Important Note: If a verb already exists with the same name you will get a ValueError, pick a unique name for each verb. For example if you try to create a new "strings.upper" you will get a ValueError if you want to create a custom version of this verb you could use "my_package.upper" like the example above.

Custom verbs

The Python implementation supports the use of custom verbs supplied by your application - this allows arbitrary processing pipelines to be built that contain custom logic and processing steps.

TODO: document custom verb format

Build and test

JavaScript

You need node and yarn installed
Operate from project root
Run: yarn
Then: yarn build
Run the webapp locally: yarn start

Python

You need Python and poetry installed
Operate from python/datashaper folder
Run: poetry install
Then: poetry run poe test

Contributing

This project welcomes contributions and suggestions. Most contributions require you to agree to a Contributor License Agreement (CLA) declaring that you have the right to, and actually do, grant us the rights to use your contribution. For details, visit https://cla.opensource.microsoft.com.

When you submit a pull request, a CLA bot will automatically determine whether you need to provide a CLA and decorate the PR appropriately (e.g., status check, comment). Simply follow the instructions provided by the bot. You will only need to do this once across all repos using our CLA.
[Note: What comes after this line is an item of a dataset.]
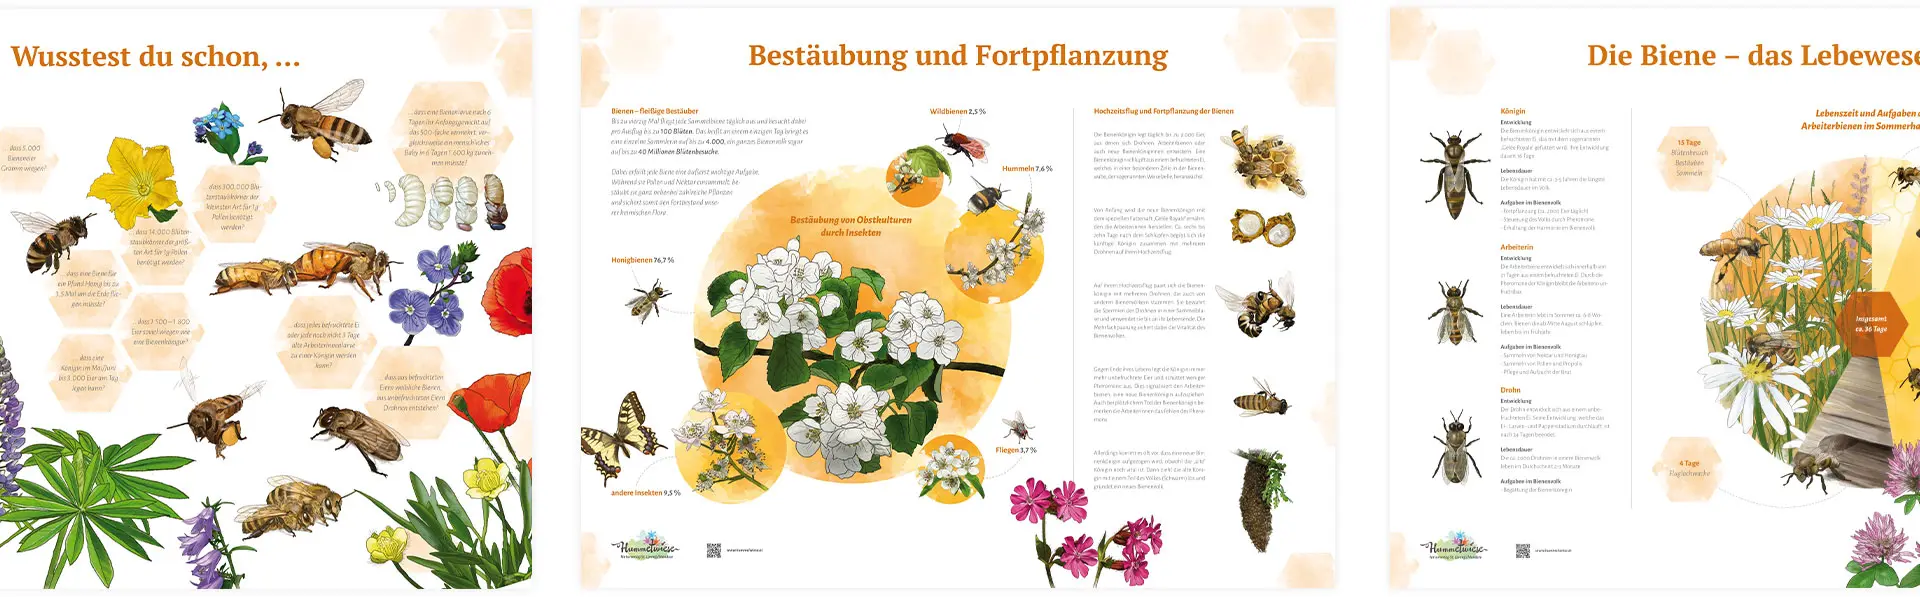 Infografiken mit verschiedenen Themenbereichen für die Hummelwiese in Österreich

This project has adopted the Microsoft Open Source Code of Conduct. For more information see the Code of Conduct FAQ or contact opencode@microsoft.com with any additional questions or comments.

Trademarks

This project may contain trademarks or logos for projects, products, or services. Authorized use of Microsoft trademarks or logos is subject to and must follow Microsoft's Trademark & Brand Guidelines. Use of Microsoft trademarks or logos in modified versions of this project must not cause confusion or imply Microsoft sponsorship. Any use of third-party trademarks or logos are subject to those third-party's policies.